Previous studies have investigated whether the functions of Fak and Cas are required for Yersinia uptake. Fak^-/- cells have been shown to be deficient in uptake of invasin-coated beads(Alrutz and Isberg, 1998) and HeLa cells expressing a dominant inhibitory variant of Cas were found to be defective in uptake of Y. pseudotuberculosis(Weidow et al., 2000). Nevertheless, important questions remain regarding the role of Cas and Fak in the process of Yersinia uptake. For example, although Fak has been implicated in invasin-mediated phagocytosis (Alrutz and Isberg, 1998), it has not yet been determined whether Fak and its downstream effectors are actually involved in uptake of live Y. pseudotuberculosis. Additionally, although Cas-Crk-Rac signaling has been shown to be important for Yersinia uptake in HeLa cells(Weidow et al., 2000), the events upstream of Cas phosphorylation have yet to be fully elucidated.

Since Fak and Cas function coordinately in the process of integrin-dependent migration, we hypothesized that Yersinia uptake may also require the concerted activities of both of these molecules. In this study, we shed light on the molecular pathways that are activated in response to Yersinia infection. First, we present evidence that both Fak and Cas play roles in the Yersinia uptake process and that Cas can in fact function in a novel pathway that is independent of Fak. Interestingly, in spite of this distinction, Fak and Cas appear to ultimately feed into a common Rac1-dependent signaling network. Blocking the function of either Fak or Cas induces similar morphological defects in Yersinia internalization, which are manifested by incomplete membrane protrusive activity that is consistent with an inhibition of Rac1 activity. We also provide evidence that Pyk2, which is expressed at high levels in Fak^-/- mouse embryo fibroblasts (MEFs)relative to other fibroblasts (Sieg et al., 1998), plays a role in the Cas-dependent Yersinia uptake pathway that is active in these cells. We show that inhibition of Pyk2 blocks Cas-dependent Yersinia uptake, and that, while Pyk2 autophosphorylation is increased in response to infection with a Yersinia strain that does not express YopH, this response is inhibited in the presence of YopH. These data suggest that catalytic activity and autophosphorylation of Pyk2 play an important role in the Cas-dependent Yersinia uptake process in Fak^-/- cells. Finally, we show that Pyk2 also functions in Yersinia uptake by macrophages, which express Pyk2 at levels comparable to those observed in Fak^-/- cells. Macrophages are important for clearing Y. pseudotuberculosis infections in vivo. Therefore, Pyk2 may be an integral part of the host response to Yersinia infections. Taken together,these data provide new insight into the host cellular signaling networks that are initiated upon infection with Y. pseudotuberculosis. Importantly,these findings also contribute to a better understanding of other cellular processes that involve actin remodeling, such as the host response to other microbial pathogens, cell adhesion and migration.

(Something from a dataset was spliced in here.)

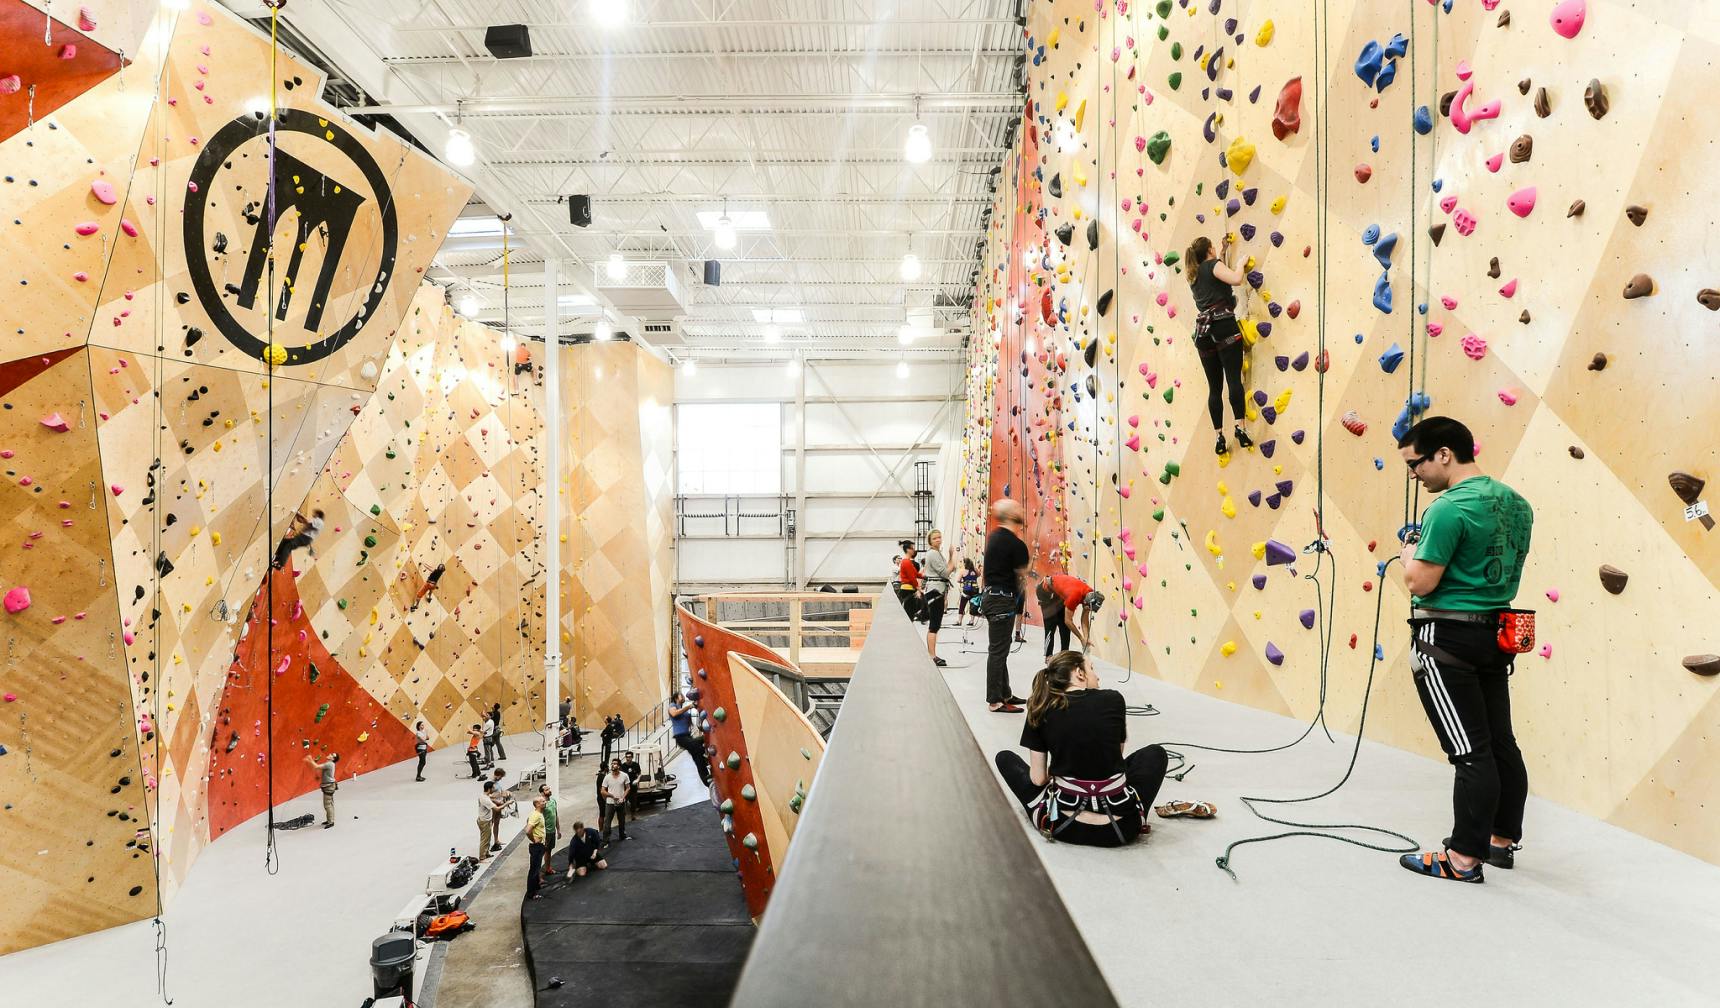 Two-story indoor climbing gym full of people

Fak^-/- and Fak^+/+ MEF cells were generously provided by Dusko Ilic (UCSF, San Francisco, CA) and have been previously described(Ilic et al., 1995). HeLa cells stably expressing the vector pRK5 (HeLa/RK5) or Cas-ΔYXXP(HeLa/Cas-ΔYXXP) have also been described(Weidow et al., 2000). J774A.1 macrophages were purchased from American Type Culture Collection (Rockville,MD). All cells were maintained in Dulbecco's Modified Eagle's Medium (DMEM)supplemented with 10% Fetal Calf Serum (FCS), 100 U/ml penicillin and 100μg/ml streptomycin, all of which were obtained from Gibco BRL Life Technologies (Rockville, MD). 1 mM sodium pyruvate was added to the MEF and HeLa cell media and 1 μM β-mercaptoethanol was included for MEFs. All cells were grown at 37°C in 7.5% CO₂.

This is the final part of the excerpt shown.